We performed the following matrix \(D_t\), which contains the position of the n identified persons in the image carrier grid: After completing the detection and tracking procedure (\(P^t\)), for each input frame \(w*h\) at time t, we define the following matrix:

$$\begin{aligned} {D_t} = \{P^t _{x_n , y_n} x\_{\texttt {n}} \in w , y_n \in h \} \end{aligned}$$
(4)

Distance Measurement

Researchers have developed various 2D and 3D depth estimation techniques [31, 32]. We calculated the distance between identified tracked individuals on each image and video.

The deepsort model generates a collection of bounding boxes and an ID for each person detected in the previous phase. When working with bounding boxes (such as rectangular boxes), coordinates (x, y) in the 3D (x, y, d) feature space. However, to the picture that was obtained from the camera, the reduced 2D space of (x, y) correlates to two parameters (x, y) alone, and depth (z) is not accessible. To better visualize the 3D shape of each bounding box, imagine every point in space equates to three values (x, y, z). Using this Eq. 5, the 2D pixel coordinates (x, y) as an input, the world coordinate points are then mapped to the points on the screen \((X_w, Y_w, Z_w)\) [33].

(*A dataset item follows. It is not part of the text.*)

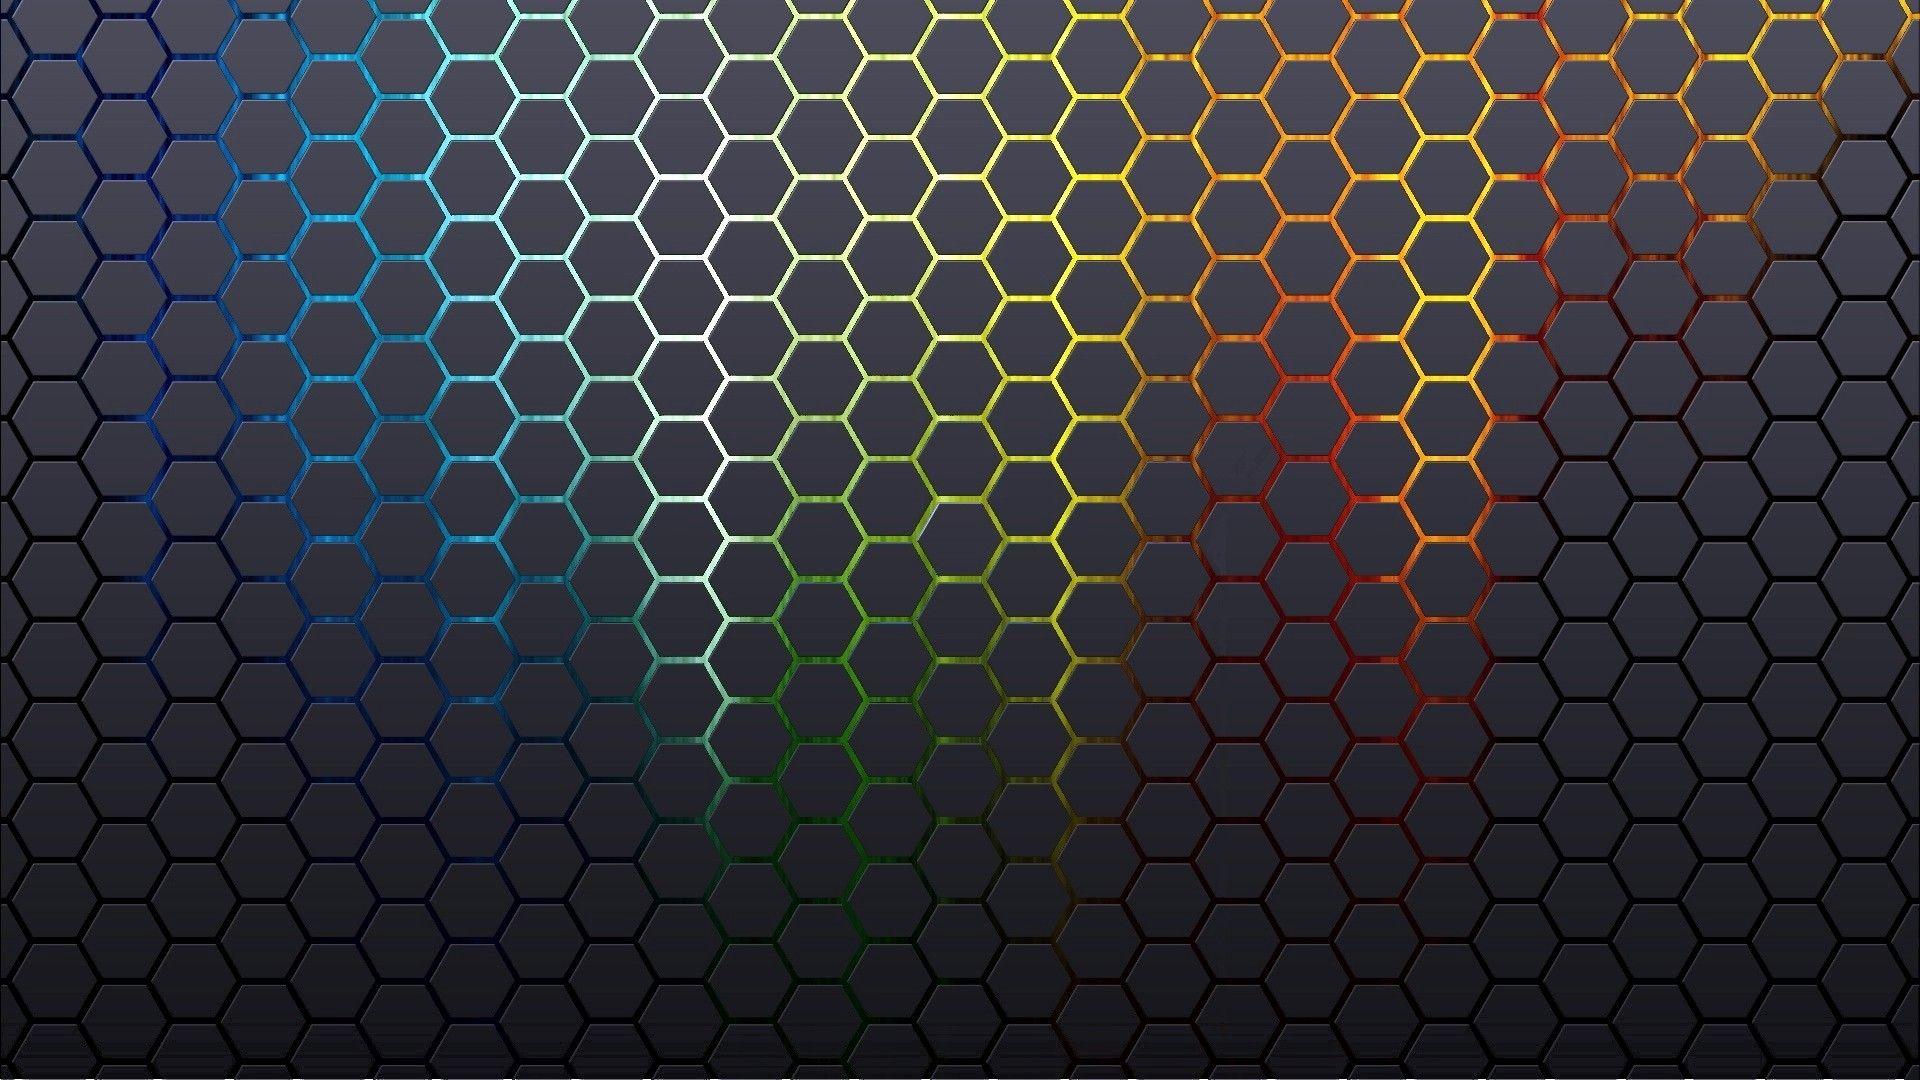 Wallpapers Patterns Minimalistic Abstract Honeycomb Pattern Hexagon Geometric Pattern Background Hexagon Tattoo

$$\begin{aligned}{}[x,y,1]^T = KRT [X_w ,Y_w , Z_w , 1]^T \end{aligned}$$
(5)

Here, K, R, and T represent the rotation, translation, and intrinsic matrix, respectively. This feature space indicate the coordinates of the centroid, and the value of d describes the depth of each object [34]. We computed the following equation 6 to estimate the depth between camera and objects, which can be acquired by studying the form of the image [35].

$$\begin{aligned} d = \frac{2\pi \times 180}{(w\times h\times 360)\times 1000+3} \end{aligned}$$
(6)

where w denotes the bounding box’s width, and h denotes the bounding box’s height. The pairwise L2 normalization is calculated for the collection of bounding boxes as provided by the following Eq. 7.

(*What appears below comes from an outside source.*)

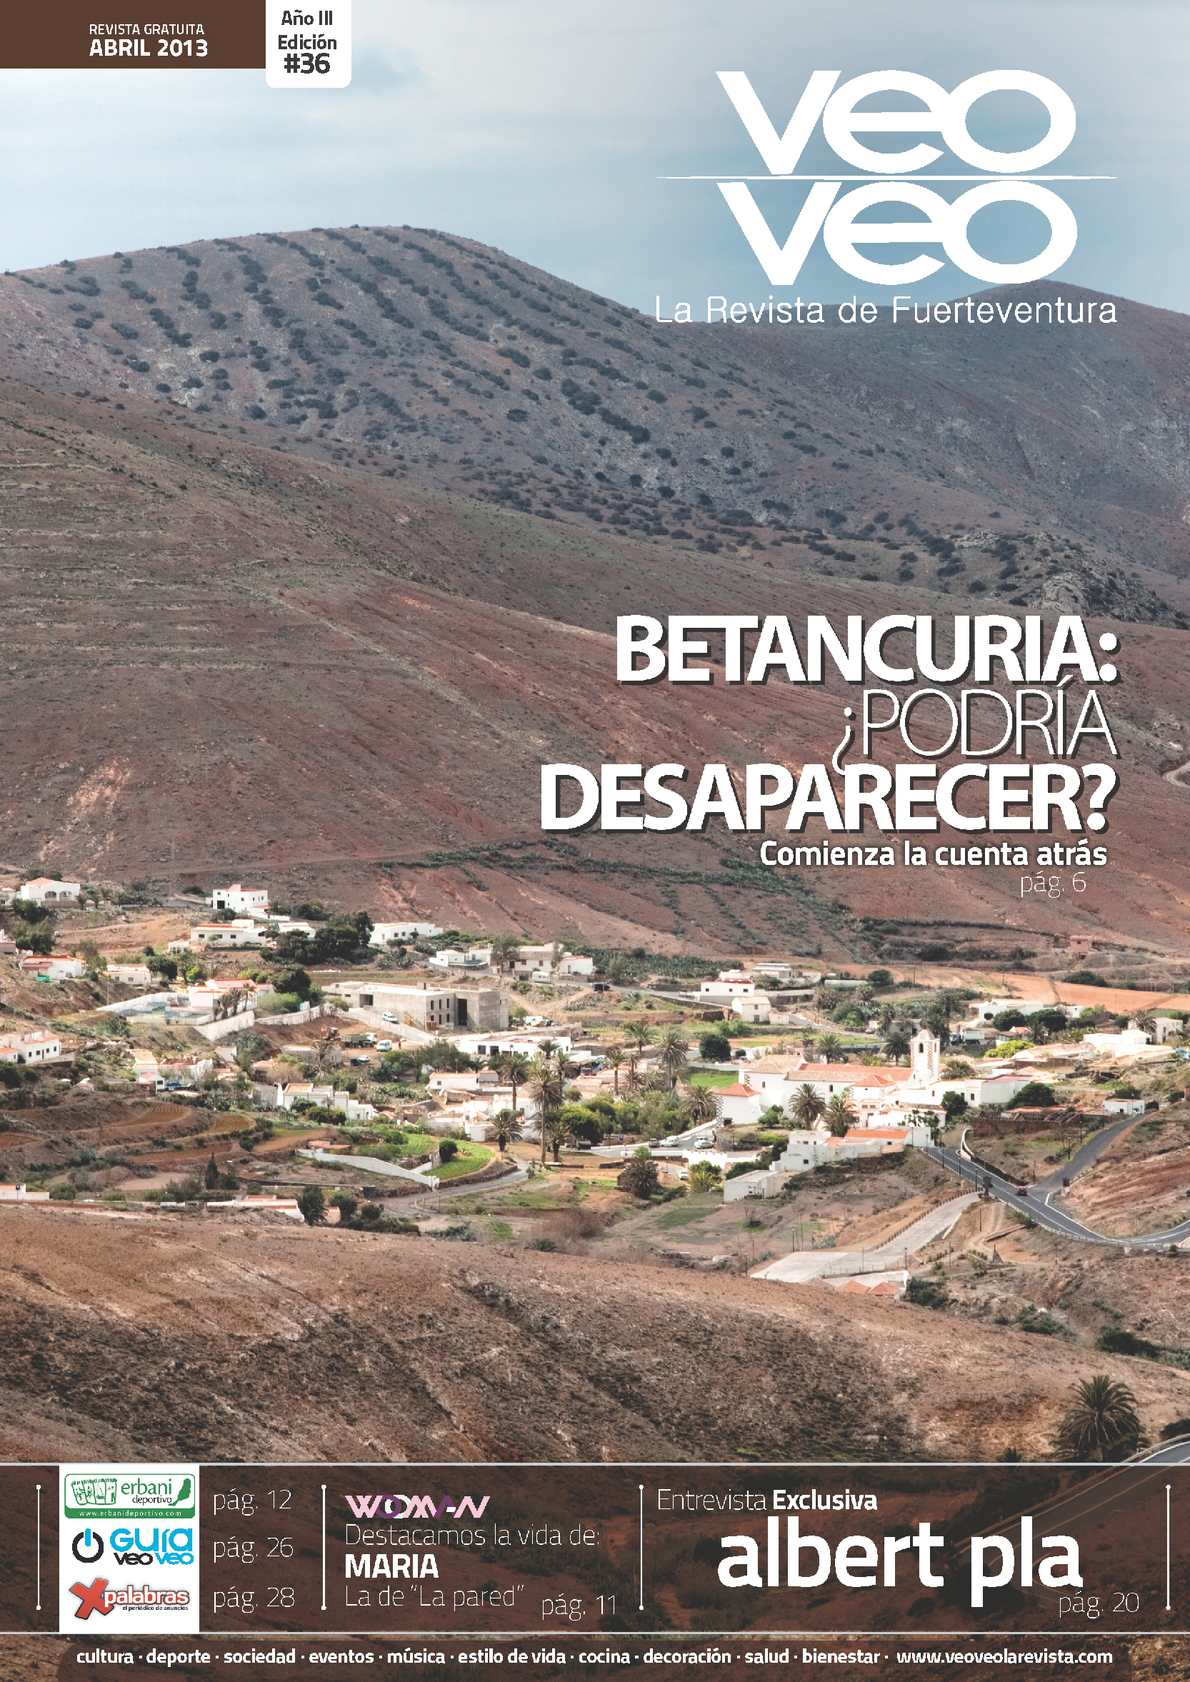 Calaméo - VeoVeo, la revista de Fuerteventura #36 - Abril 2013

$$\begin{aligned} \texttt {D} = \sqrt{\sum ^n _{i=1} (q_i - p_i)^2} \end{aligned}$$
(7)

where we define this equation n=3. Here, D represent the distance and \(q_i\) and \(p_i\) represents pixels (range 90 to 170) between two humans. After locating the individual’s neighbors using the L2 norm, we allocate them based on their proximity sensitivity. The proximity threshold is constantly updated with a large number of tests using a set of numbers between 90 to 170 pixels wide, depending on the person’s position in a particular frame. To use the proximity property, every person in the system must be given at least one neighbor or many additional neighbors to create a group in distinct color-coding. The creation of groups implies the breach of the physical distance practice, which is measured using the following equation:

$$\begin{aligned} v_i = \frac{n_p}{n_g} \end{aligned}$$
(8)

where \(v_i\) represents the index of violation. To calculate the number of groups or clusters present in the video, the number of separate groups or clusters detected (\(n_g\)) and \(n_p\) defines the total number of individuals close to those groups or clusters nearby.

Experiments

Data sets and Evaluation Matrix

Table 1 Specifics of the data sets that were utilized in our experiments. The number of images assigned to each data set, train/test, and pedestrian is shown here

The pedestrian recognition, tracking, and distance estimation problems center on the full data set. It gives the same database for researchers to use when comparing the effectiveness of various algorithms. It serves as a source of data for researchers, so that they may carry out experimental experiments. When evaluating the quality of a data set, it is essential to consider both the quantity of data and the accuracy of the labeled information. The resilience of the detector is, to some part, determined by the depth of the data set being analyzed. When compared to tasks involving the recognition of broad objects, pedestrian detection possesses distinct properties. The proposed system is trained on object detection MS COCO data set [36] that has 80 classes and 123k images. The bounding box labels on each image were additionally annotated with the matching coordinates. The CrowdHuman [26] and CityPersons [27] data sets are also used to person detection to assess our system. Both data sets include annotations for two types of bounding boxes: visible human area and human full-body bounding boxes. The CrowdHuman data set is far more challenging to work with than CityPersons, since it has more instances per image, and those examples are often strongly overlapped. Table 1 illustrates an overview of the information included in the data set. To compare and evaluate the proposed system, we used another data set, the Oxford town Centre (OTC) data set [37], an unknown and complex data set with a high frequency of object recognition overlapping and overcrowded zones. The collection also included a wide range of human clothing and looks in the public location real world. FPS, mAP, and total loss in identifying the individual, as shown in Fig. 5, are constantly measured throughout the validation period.

Traning Details

All training and testing performed on the same PC, which has a Windows 10 operating system, an Intel Core i9-10850K CPU running at 3.6 GHz, 64 GB of RAM, and an NVIDIA GeForce RTX 2070 super GPU with 8GB video RAM. We utilized PyTorch, a CUDA environment, and a vscode editor to implement it. Following training using TH-YOLOv5, we evaluated the data sets and assessed the outcomes by exhibiting the failure occurrences. We determined that TH-YOLOv5 has excellent localization capability but limited classification capability.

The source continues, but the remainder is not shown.